Menjalani koas harus siap tenaga dan mental kuat, karena harus siap presentasi dadakan oleh konsulen. Banyak koas yang pasti menghadapi hal ini tentunya. Seperti Rania harus terpaksa mengerjakan tugas referat yang kadang sampai larut malam hanya karena mempersiapkan kalau-kalau besok paginya disuruh presentasi dadakan.

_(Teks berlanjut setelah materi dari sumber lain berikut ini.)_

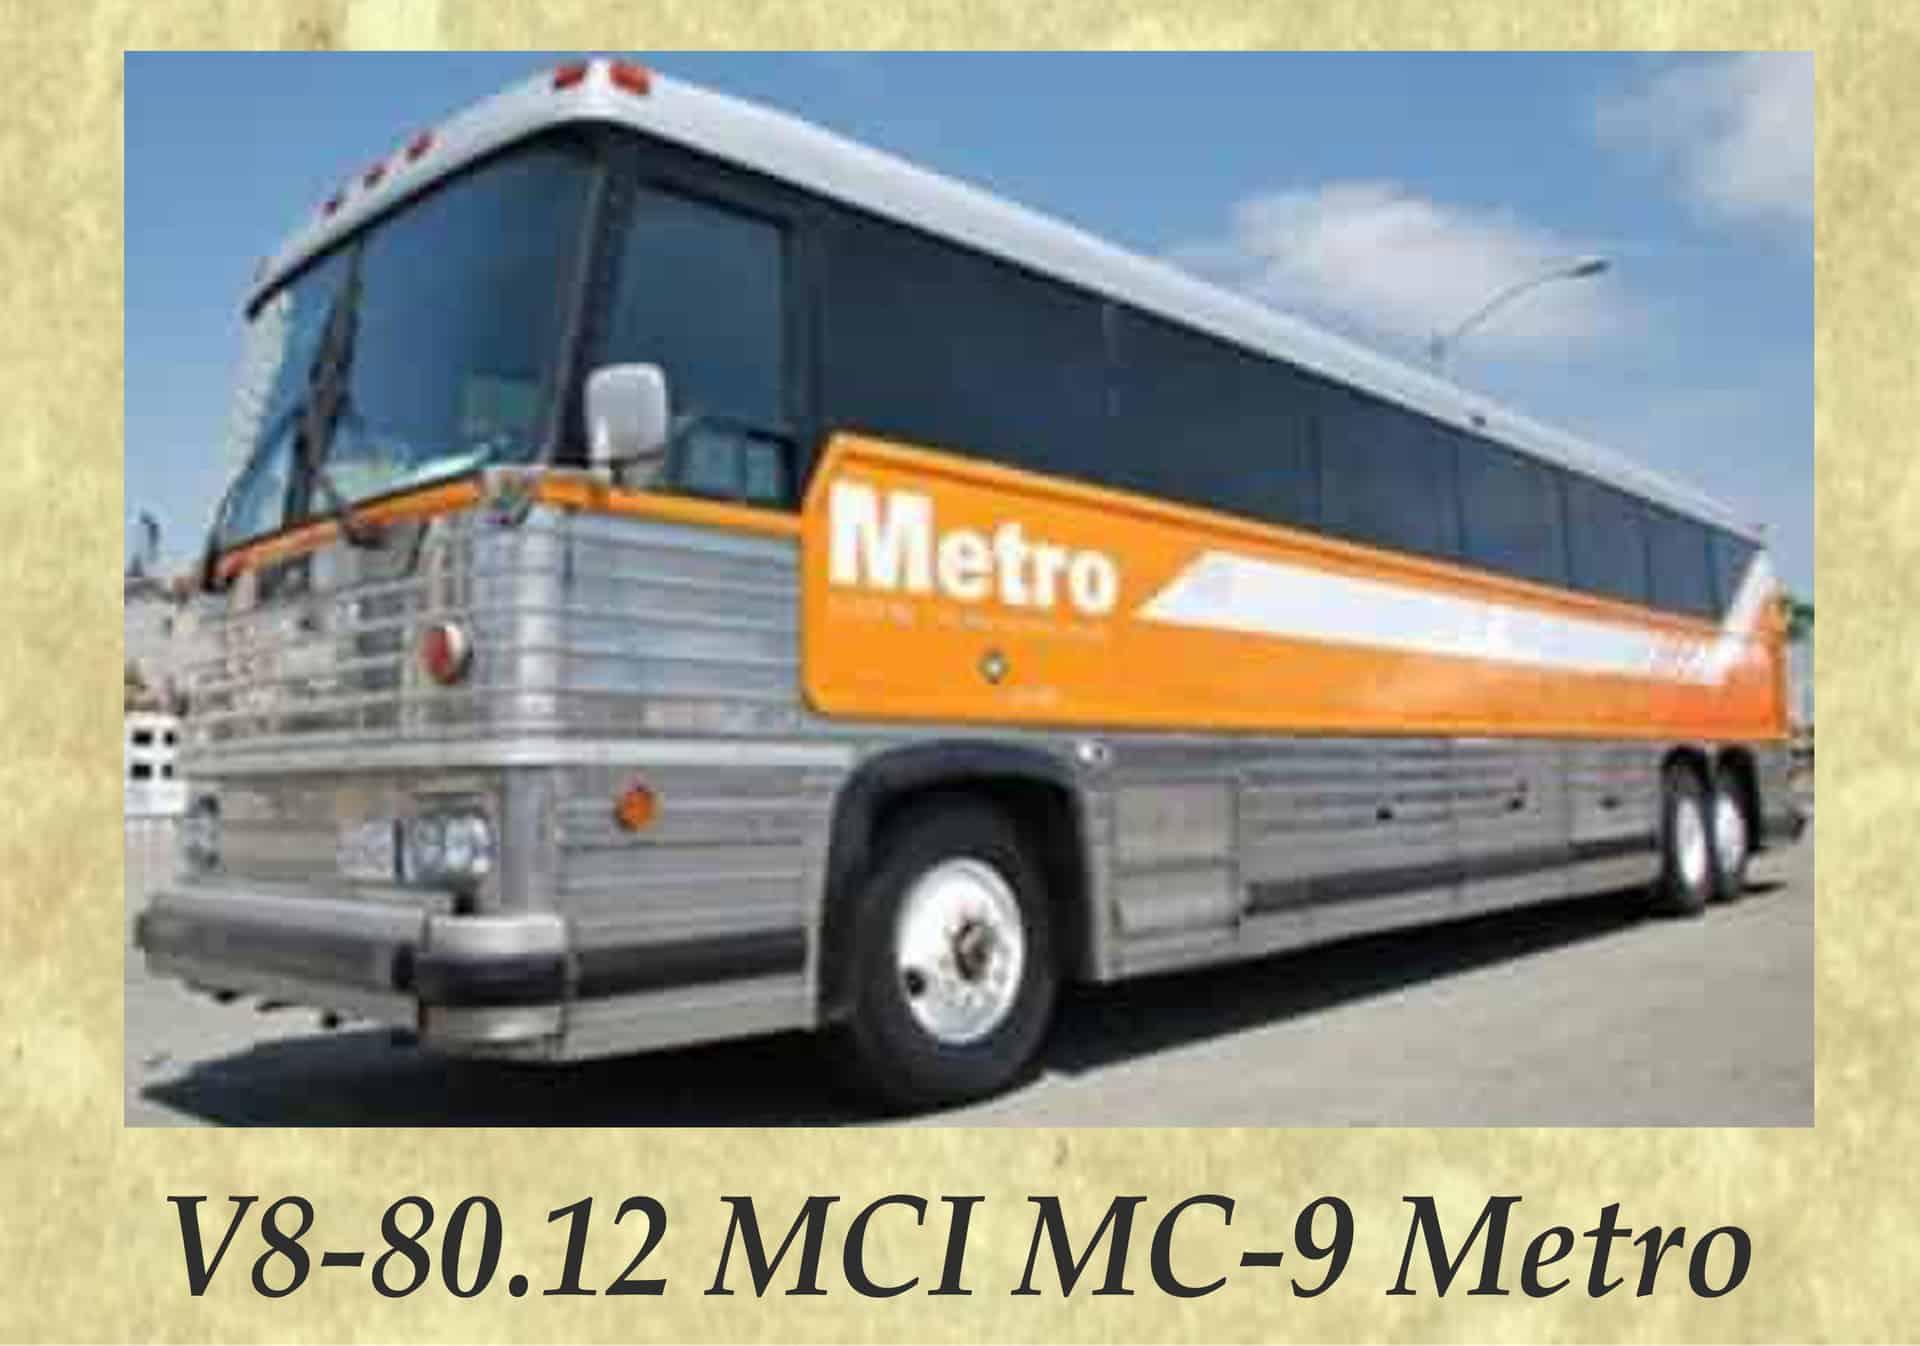 V8-80.12 MCI MC-9 Metro

Gadis itu merasa lelah karena berdiri terlalu lama, satu koas mengikuti satu konsulen karena kebetulan dokternya banyak. Hingga pukul dua siang ia merasa lelah luar biasa. Lelah membantu menangani pasien gawat darurat, sampai lelah dicecar pertanyaan-pertanyaan yang cukup banyak, sampai di mana Rania tidak bisa menjawab dan dijadikan PR untuknya.
"Belajar lagi ya Dek!" pesan dokter masih terngiang-ngiang hingga menjelang istirahat sore ini.
Baru saja gadis itu menghela napas lega, vibrasi handphonenya memekik mengusik atensinya. Nama dokter tampan terpampang di layar ponselnya, dengan sedikit tidak minat, gadis itu menggeser tombol hijau lalu mendekatkan benda kesayangan sejuta umat itu ke telinganya.
"Ke ruangan aku, Ra, aku tunggu nggak pakai lama!" telepon dimatikan sepihak tanpa gadis itu berbicara.